▶ **PROBLEM DETAILS**:
Two lines mark the range in the entries below: the one holding "433STLB Safety Jacket: ThinsulateTM" and the one holding "leicester city f.c.". Set down those two and all lines between them, exactly.
─── EXERCISE MATERIAL ───
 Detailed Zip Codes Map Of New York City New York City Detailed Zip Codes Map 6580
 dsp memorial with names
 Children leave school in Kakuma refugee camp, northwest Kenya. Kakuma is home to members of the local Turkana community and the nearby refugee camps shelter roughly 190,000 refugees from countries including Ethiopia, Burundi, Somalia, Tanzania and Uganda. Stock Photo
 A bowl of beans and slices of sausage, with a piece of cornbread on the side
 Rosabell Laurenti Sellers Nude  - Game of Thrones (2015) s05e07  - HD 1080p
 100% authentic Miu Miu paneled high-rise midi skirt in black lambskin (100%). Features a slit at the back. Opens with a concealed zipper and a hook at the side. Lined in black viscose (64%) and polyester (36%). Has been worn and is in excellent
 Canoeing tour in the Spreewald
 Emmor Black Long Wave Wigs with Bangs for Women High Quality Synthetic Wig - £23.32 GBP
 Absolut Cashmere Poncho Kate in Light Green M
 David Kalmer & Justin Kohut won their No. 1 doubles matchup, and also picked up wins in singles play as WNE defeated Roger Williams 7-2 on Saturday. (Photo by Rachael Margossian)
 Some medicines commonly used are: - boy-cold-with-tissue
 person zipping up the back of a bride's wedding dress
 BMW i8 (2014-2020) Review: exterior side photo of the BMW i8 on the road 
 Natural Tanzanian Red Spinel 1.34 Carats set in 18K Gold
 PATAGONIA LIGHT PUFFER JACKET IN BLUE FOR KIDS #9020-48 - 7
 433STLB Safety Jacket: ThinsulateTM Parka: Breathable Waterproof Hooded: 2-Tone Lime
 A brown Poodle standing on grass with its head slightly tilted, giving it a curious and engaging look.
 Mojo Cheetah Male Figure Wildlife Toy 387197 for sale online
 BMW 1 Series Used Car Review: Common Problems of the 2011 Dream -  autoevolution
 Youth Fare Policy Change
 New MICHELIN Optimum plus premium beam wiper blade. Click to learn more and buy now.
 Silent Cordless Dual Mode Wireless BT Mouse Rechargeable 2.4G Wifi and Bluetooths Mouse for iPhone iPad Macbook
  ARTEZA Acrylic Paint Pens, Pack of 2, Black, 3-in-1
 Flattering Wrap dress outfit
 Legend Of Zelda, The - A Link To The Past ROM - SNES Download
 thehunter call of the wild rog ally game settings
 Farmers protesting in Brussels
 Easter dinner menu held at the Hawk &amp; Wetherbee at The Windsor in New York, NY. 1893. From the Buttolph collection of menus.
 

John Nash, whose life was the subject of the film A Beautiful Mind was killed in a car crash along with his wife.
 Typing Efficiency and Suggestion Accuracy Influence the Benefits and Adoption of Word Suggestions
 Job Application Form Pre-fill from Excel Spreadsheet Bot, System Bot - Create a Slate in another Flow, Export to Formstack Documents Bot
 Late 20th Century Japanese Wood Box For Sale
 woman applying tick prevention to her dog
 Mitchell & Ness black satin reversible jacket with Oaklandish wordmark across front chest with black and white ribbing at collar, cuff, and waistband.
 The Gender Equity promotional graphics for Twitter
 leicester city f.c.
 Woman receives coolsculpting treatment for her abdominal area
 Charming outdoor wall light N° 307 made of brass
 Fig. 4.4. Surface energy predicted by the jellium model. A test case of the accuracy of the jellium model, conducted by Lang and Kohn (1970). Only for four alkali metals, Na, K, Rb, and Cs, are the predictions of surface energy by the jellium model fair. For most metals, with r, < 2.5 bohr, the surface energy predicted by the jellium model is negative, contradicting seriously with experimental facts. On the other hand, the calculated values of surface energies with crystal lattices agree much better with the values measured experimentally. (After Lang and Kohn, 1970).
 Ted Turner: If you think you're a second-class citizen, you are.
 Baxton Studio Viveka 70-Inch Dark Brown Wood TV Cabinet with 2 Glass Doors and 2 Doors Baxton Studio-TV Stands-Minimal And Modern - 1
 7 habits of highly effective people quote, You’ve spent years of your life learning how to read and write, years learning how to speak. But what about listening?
───
▶ **COMPLETED TASK**:
 433STLB Safety Jacket: ThinsulateTM Parka: Breathable Waterproof Hooded: 2-Tone Lime
 A brown Poodle standing on grass with its head slightly tilted, giving it a curious and engaging look.
 Mojo Cheetah Male Figure Wildlife Toy 387197 for sale online
 BMW 1 Series Used Car Review: Common Problems of the 2011 Dream -  autoevolution
 Youth Fare Policy Change
 New MICHELIN Optimum plus premium beam wiper blade. Click to learn more and buy now.
 Silent Cordless Dual Mode Wireless BT Mouse Rechargeable 2.4G Wifi and Bluetooths Mouse for iPhone iPad Macbook
  ARTEZA Acrylic Paint Pens, Pack of 2, Black, 3-in-1
 Flattering Wrap dress outfit
 Legend Of Zelda, The - A Link To The Past ROM - SNES Download
 thehunter call of the wild rog ally game settings
 Farmers protesting in Brussels
 Easter dinner menu held at the Hawk &amp; Wetherbee at The Windsor in New York, NY. 1893. From the Buttolph collection of menus.
 

John Nash, whose life was the subject of the film A Beautiful Mind was killed in a car crash along with his wife.
 Typing Efficiency and Suggestion Accuracy Influence the Benefits and Adoption of Word Suggestions
 Job Application Form Pre-fill from Excel Spreadsheet Bot, System Bot - Create a Slate in another Flow, Export to Formstack Documents Bot
 Late 20th Century Japanese Wood Box For Sale
 woman applying tick prevention to her dog
 Mitchell & Ness black satin reversible jacket with Oaklandish wordmark across front chest with black and white ribbing at collar, cuff, and waistband.
 The Gender Equity promotional graphics for Twitter
 leicester city f.c.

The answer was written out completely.